### [Exercise directions]
Each line of the listing below must be retyped exactly, with images left out.

### [Dataset extract]
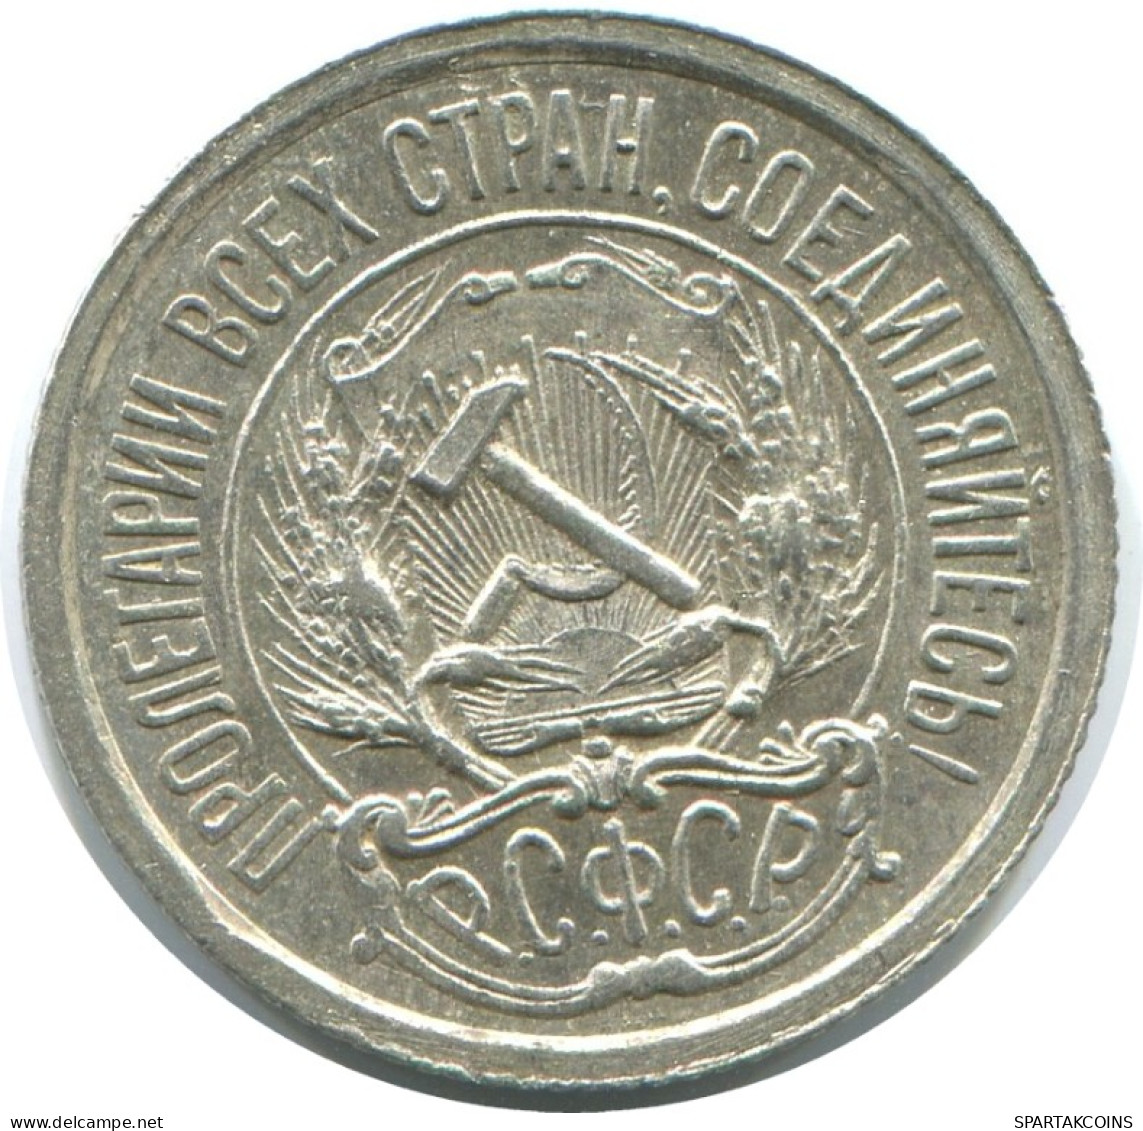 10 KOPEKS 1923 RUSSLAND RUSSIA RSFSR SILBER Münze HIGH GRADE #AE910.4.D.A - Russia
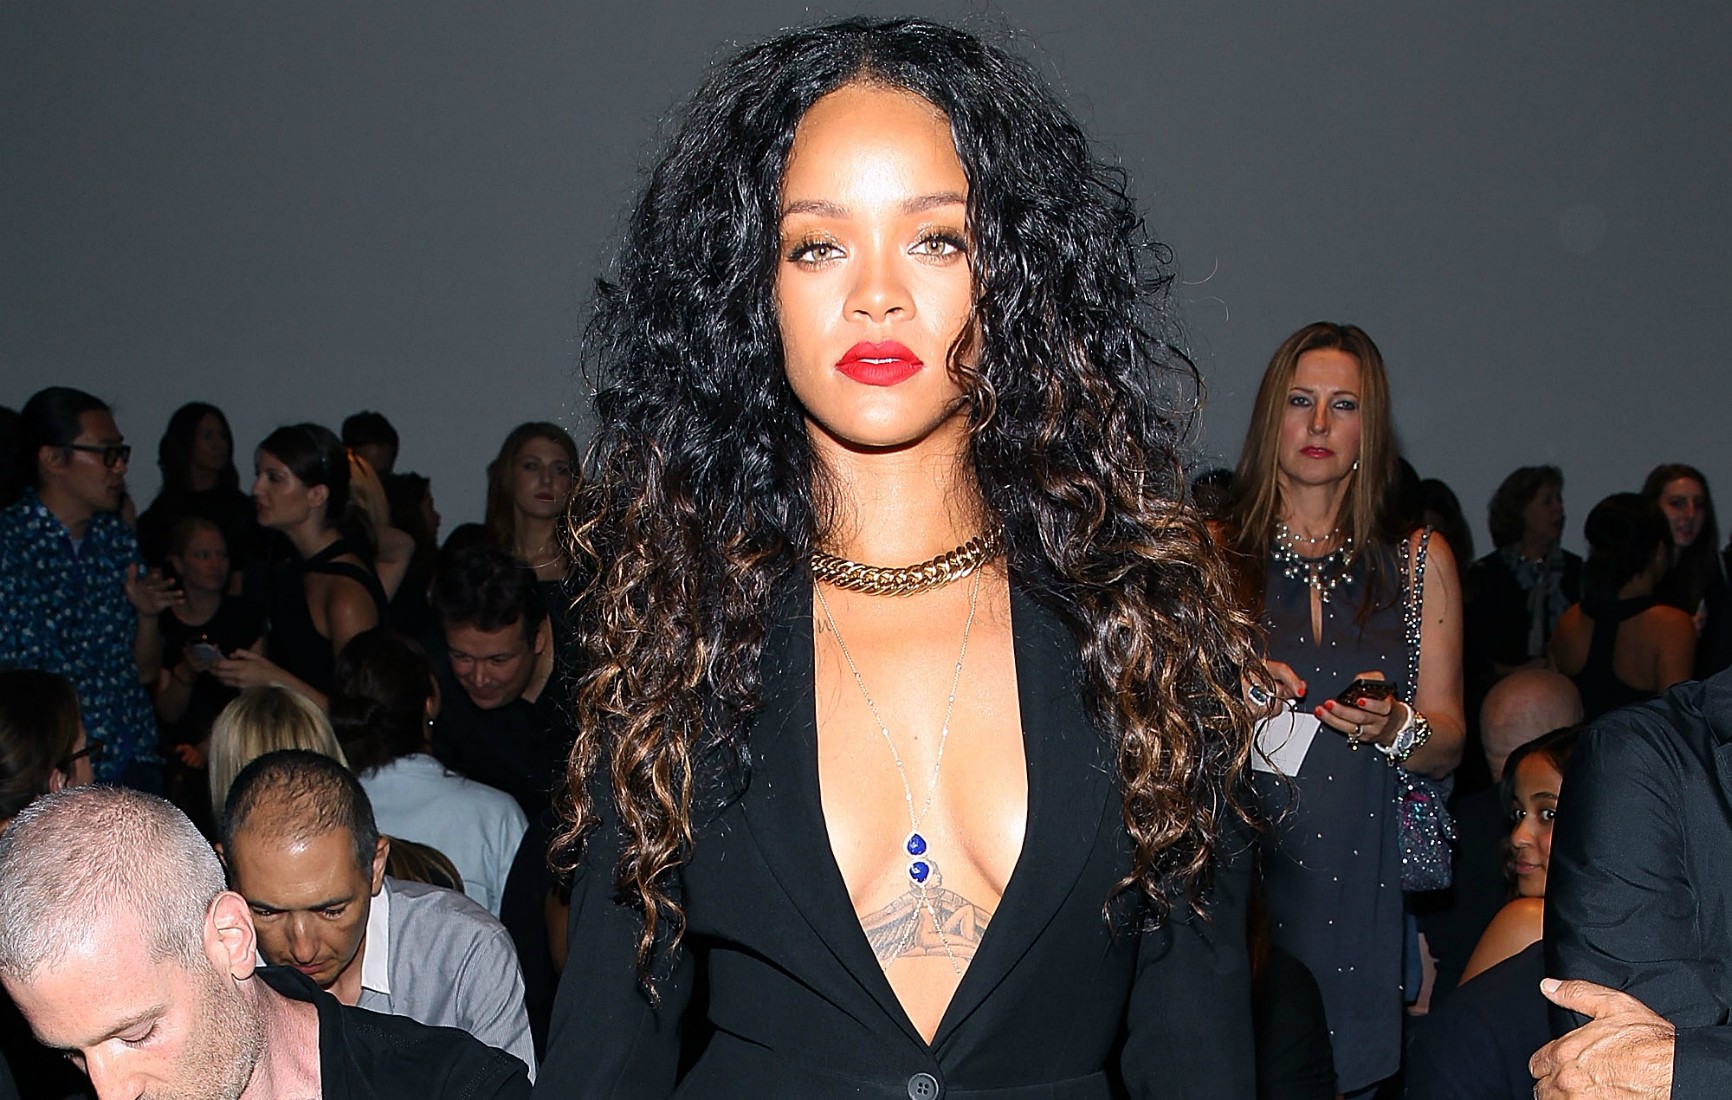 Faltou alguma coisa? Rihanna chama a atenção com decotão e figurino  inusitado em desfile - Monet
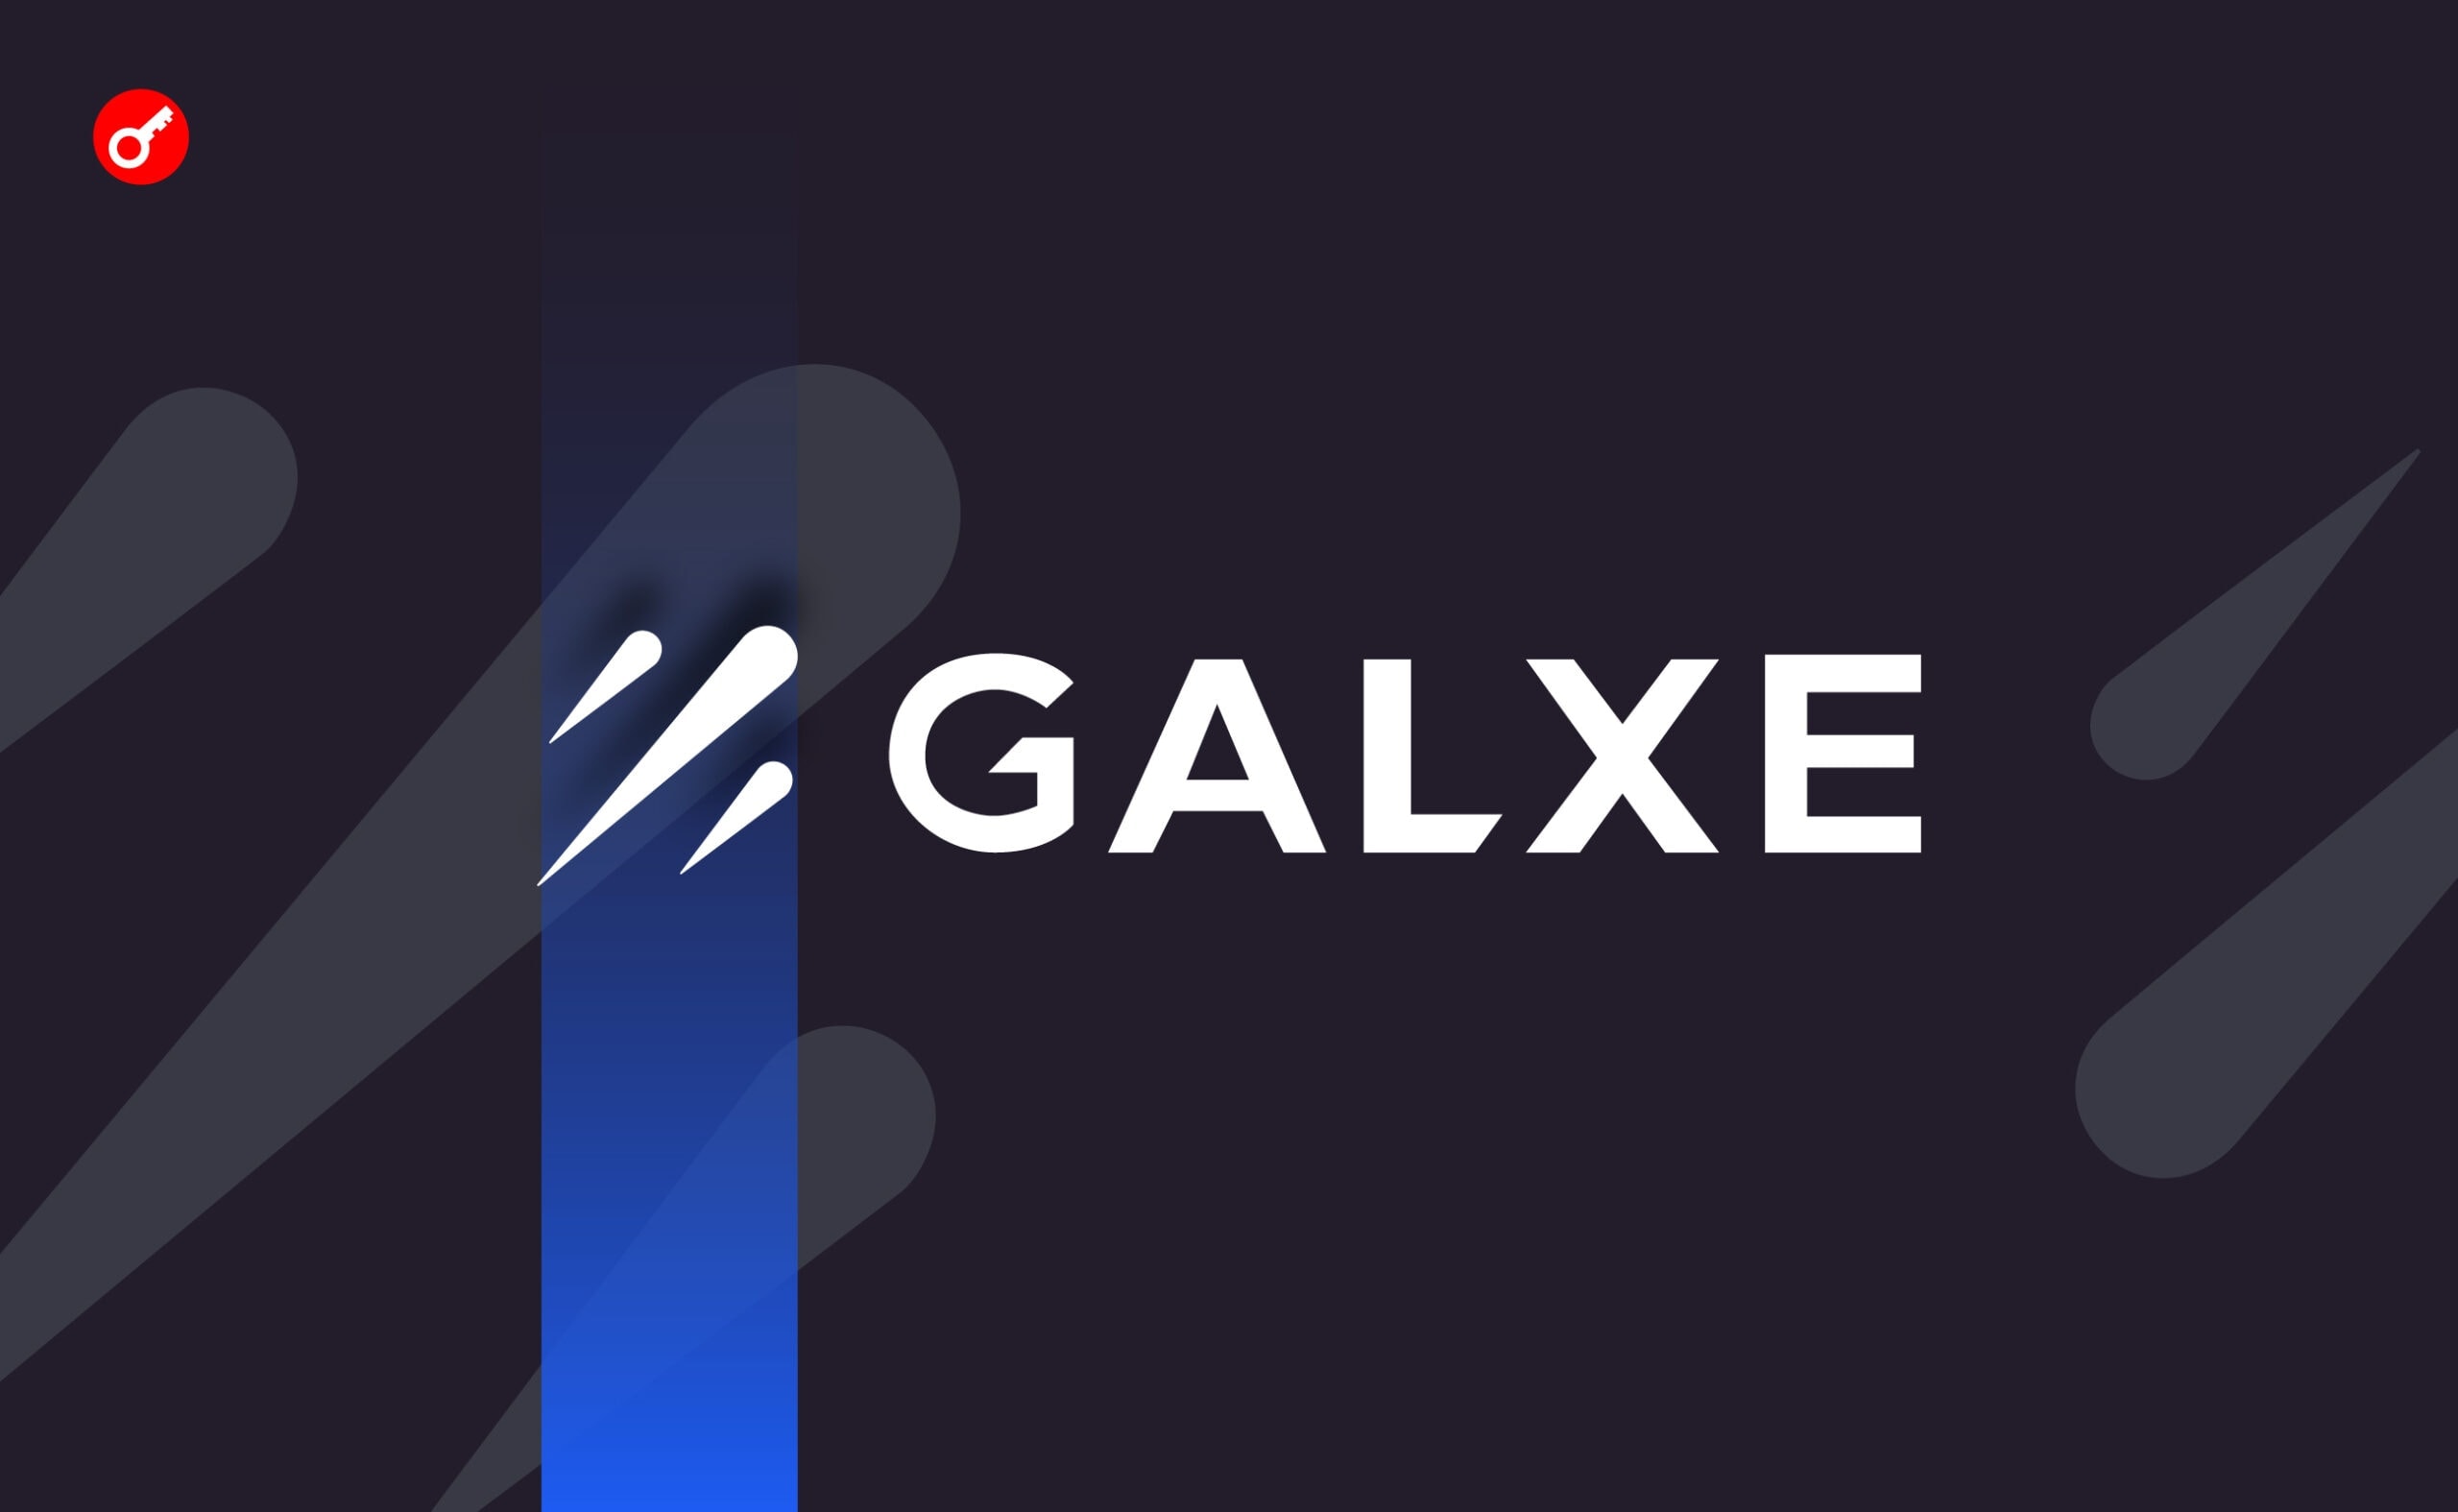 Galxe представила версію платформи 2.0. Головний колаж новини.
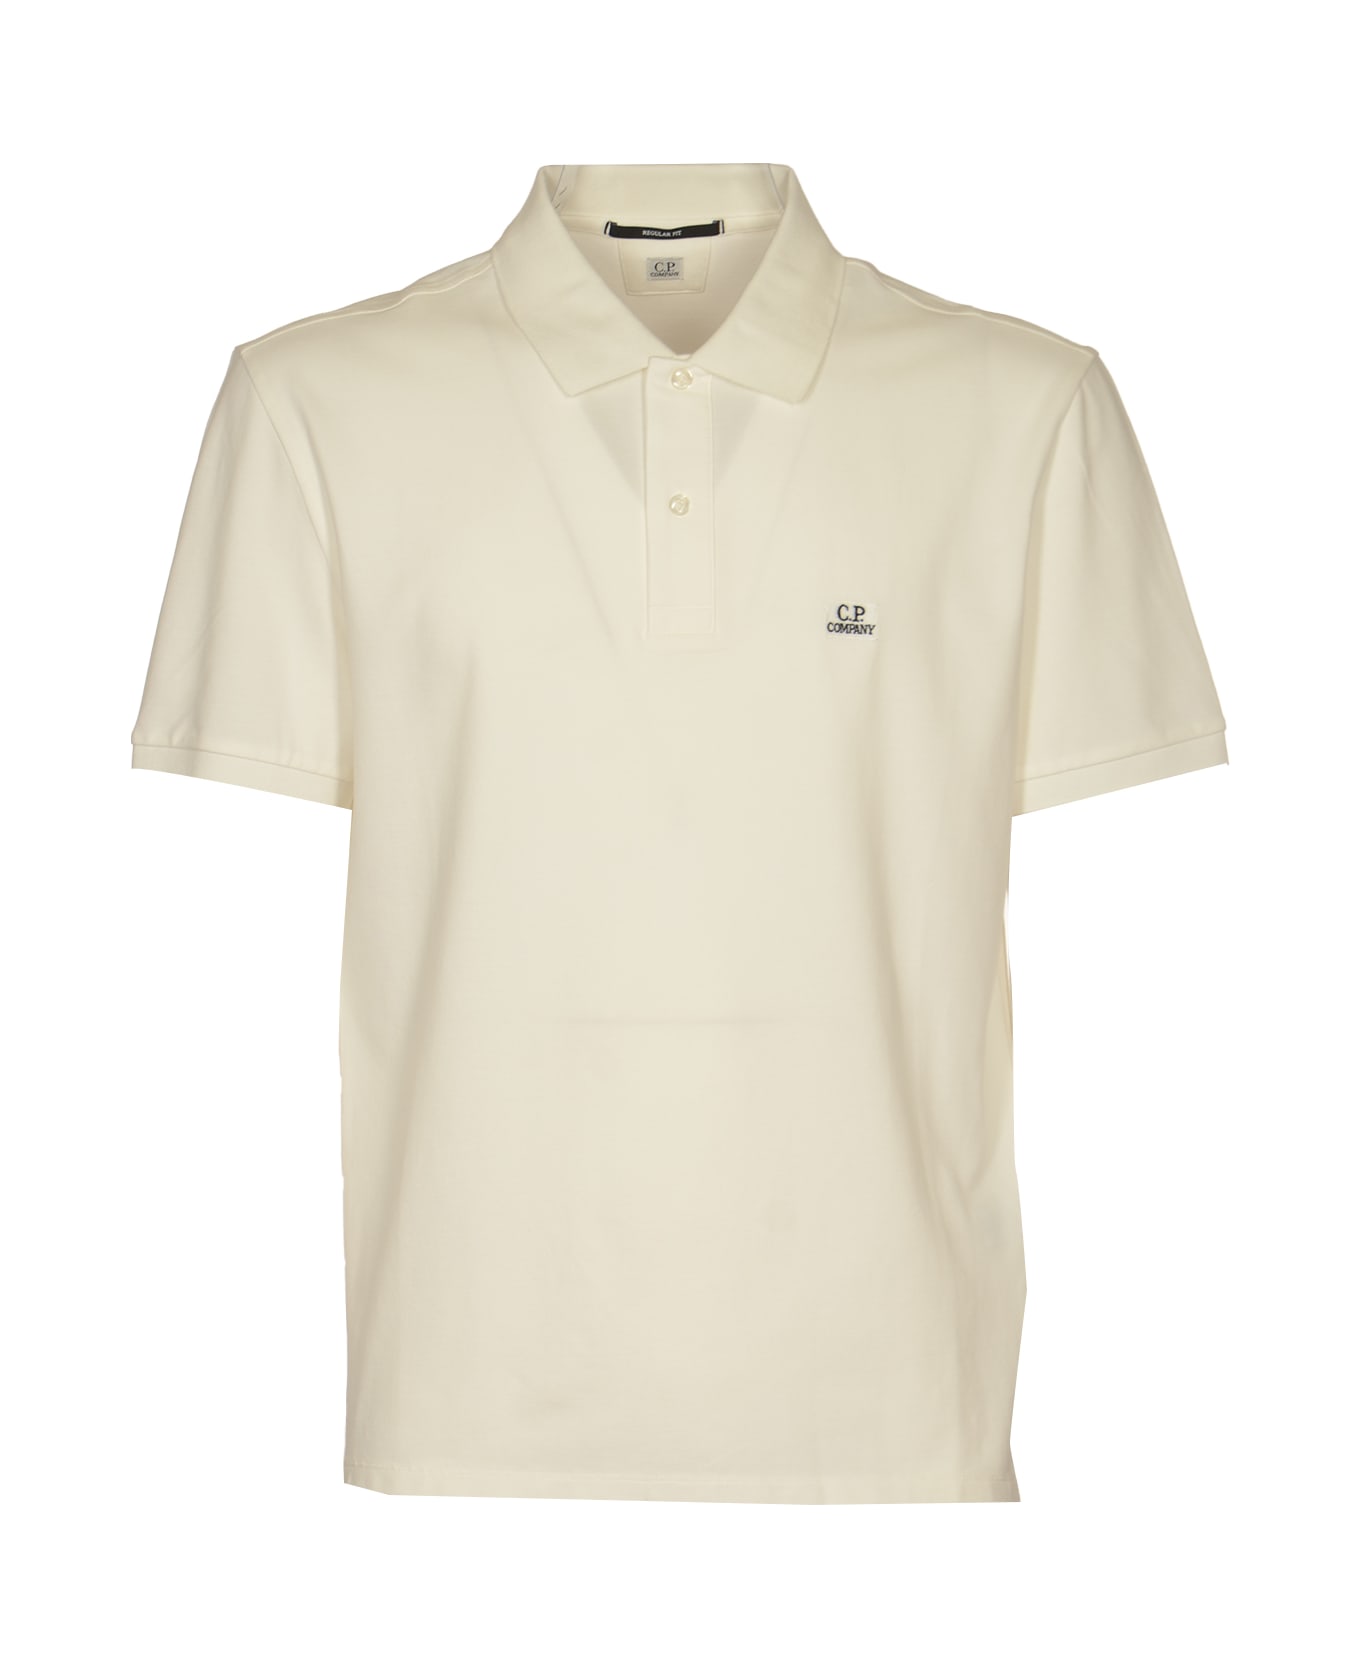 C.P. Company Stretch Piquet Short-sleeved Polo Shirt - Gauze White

### [Output of the exercise]
 10 KOPEKS 1923 RUSSLAND RUSSIA RSFSR SILBER Münze HIGH GRADE #AE910.4.D.A - Russia
 Faltou alguma coisa? Rihanna chama a atenção com decotão e figurino  inusitado em desfile - Monet
 Galxe представила версію платформи 2.0. Головний колаж новини.
 C.P. Company Stretch Piquet Short-sleeved Polo Shirt - Gauze White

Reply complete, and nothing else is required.